P(X = r) = (nCr) * p^r * (1 - p)^(n - r)

Where:
n = number of trials
r = number of successes
p = probability of success in a single trial
nCr = combination formula

In this case, we have:
n = 100 (number of employable people)
r = 6 (number of unemployed people)
p = 0.058 (unemployment rate)

1) To find the probability that exactly six people are unemployed, we can substitute the values into the formula:

P(X = 6) = (100C6) * (0.058^6) * (1 - 0.058)^(100 - 6)

Using a calculator or statistical software to evaluate this expression, we get a probability of approximately 0.1852.

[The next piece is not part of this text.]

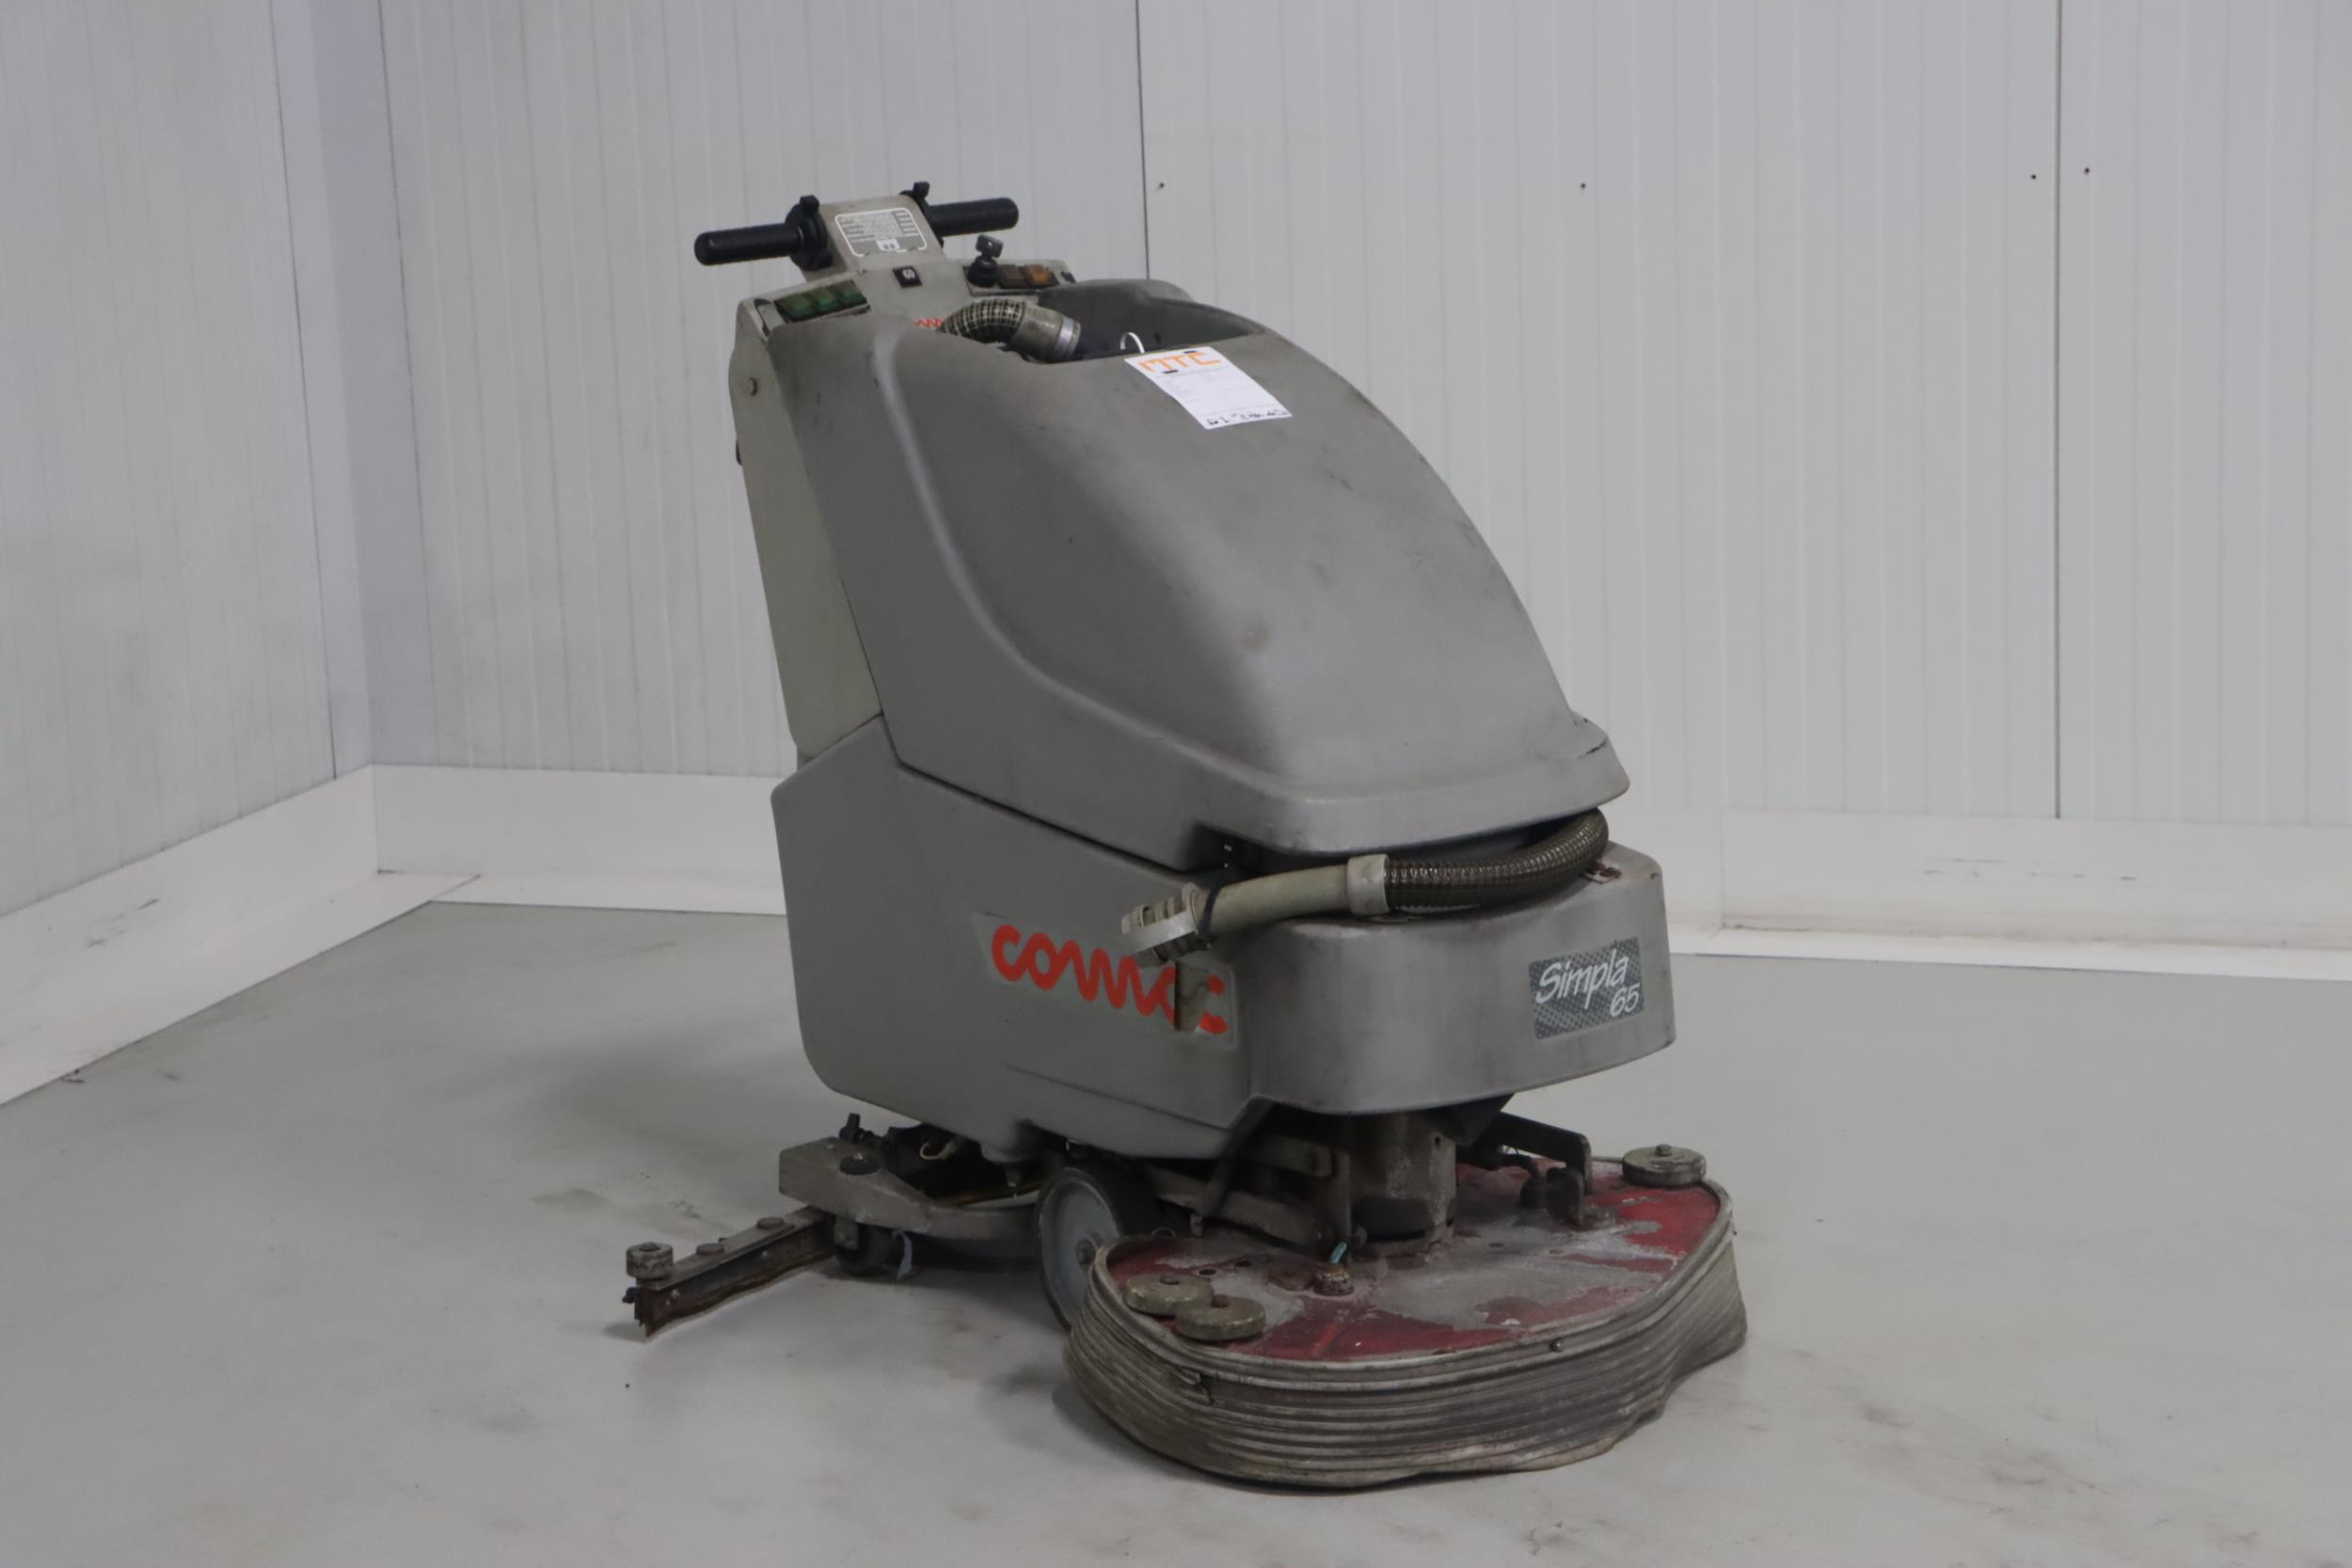 Comac Simpla 65 BT Sweepers and vacuum cleaning machine www.mtc-forklifts.com

2) The probability of exactly six people being unemployed is the same as in question 1. It is approximately 0.1852.

3) To find the probability that at least four people are unemployed, we need to calculate the probabilities for four, five, and six people being unemployed, and add them together.

P(X ≥ 4) = P(X = 4) + P(X = 5) + P(X = 6)

We can use the same formula as before, but need to sum up the probabilities for each value of r.

P(X = 4) = (100C4) * (0.058^4) * (1 - 0.058)^(100 - 4)

P(X = 5) = (100C5) * (0.058^5) * (1 - 0.058)^(100 - 5)

P(X = 6) = (100C6) * (0.058^6) * (1 - 0.058)^(100 - 6)

After calculating these probabilities separately, we can add them together to get the final result.

P(X ≥ 4) = P(X = 4) + P(X = 5) + P(X = 6)

Using a calculator or statistical software, we get a probability of approximately 0.2403.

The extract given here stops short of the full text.